Lest we forget how everything in one's life can change on a dime....I shall tell you the story of me falling down. Yay!
I was in the Cultural Center working, all involved, and I went to stand up and my foot had fallen asleep. I stood up then crumpled to the ground in a puddle. It was embarassing! And I was really shocked, last thing I expected eh?
Then I managed to stand up and sit back down and my ankle had turned. It hurt like a bitch, so I sat there for a minute, realized I was okay and started walking.
I was fine really, my ankle felt weird but it didnt' hurt that much. It swelled up like a balloon, like a golf ball on the side of my ankle, but essentially, it's totally okay. Don't even feel it today.
But it scared me! Like these things can do. One trip, one mistake and I break my ankle and no TOURS EVER FOR THE REST OF MY LIFE! I realize it's not this dramatic, but still.
I also, in some ways, enjoy the forced quietude of hurting oneself not too seriously.

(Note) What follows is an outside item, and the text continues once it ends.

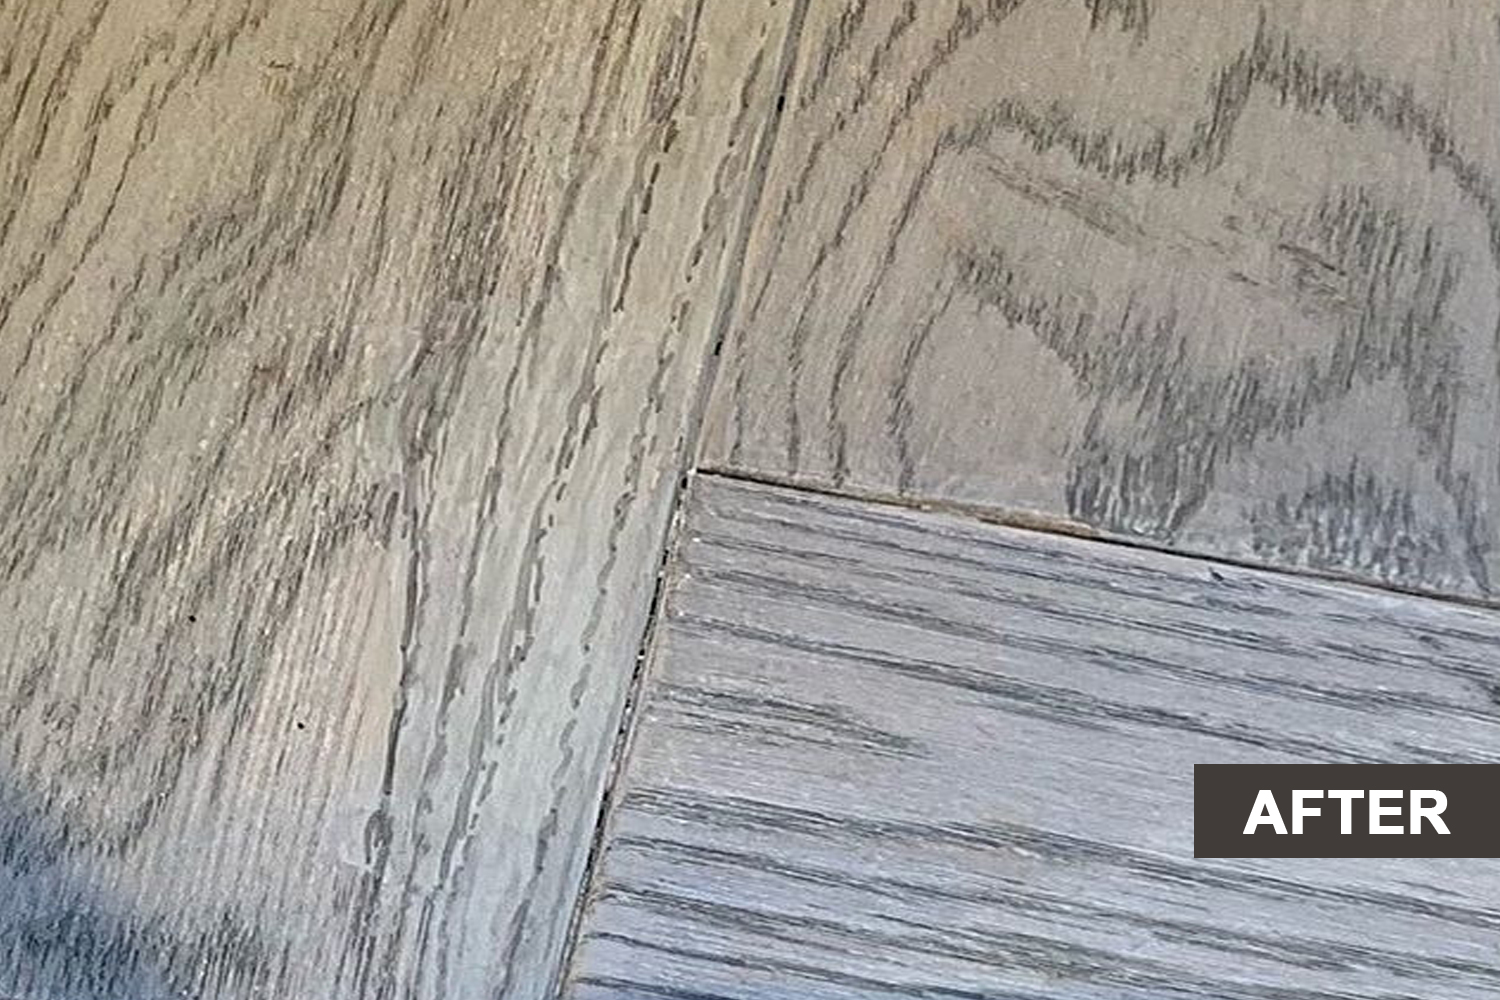 A wood floor after repair

I went to dinner with Pretty Erica that same night and I walked there, but I walked slowly, mindfully (I didn't want to trip again) and didn't rush myself, I left plenty of time to walk there, it's just about thinking ahead. I'm always rushing from one to the next these days, a forced quiet time was kind of nice.
Anyway, I truly believe that's what grace is. It's not an innate thing that one has or does not have, all grace is, is taking the extra few minutes to be mindful, and purposeful, and graceful.
Things are good though, I'm not going to lie, my tours are not full every day (some days I don't even have one...some days...um...more than some days) but that's alright, as long as I keep moving forward....
Sigh.
At least it's nice outside. No complaints. Back on the bike.
For the love of god people, would you get a bike and get on it? I realize not everyone has my sensibilities, but GET A BIKE. It's like heaven. Sure, it can be scary too, but the BIKE, THE BIKE is the greatest invention of all time.
Get on your bike, feel the breeze, be mindful, be graceful, take the time to be purposeful, once the mind strays...anything could happen....like crumpling to the ground in the Cultural Center.
2 comments:
Oh my gosh, that sucks! I'm glad you didn't break anything though.
That's why I don't ice skate anymore, or ski: the fear of hurting myself so I can't work out.
Of course, now maybe I should be afraid of sitting in one place and then getting up? :) (I KID.)
Great post. I'm going to think about Grace today. I need to get a little of that.
Seriously, I've been testing my foot every day since! Just to make sure it's not asleep. heh.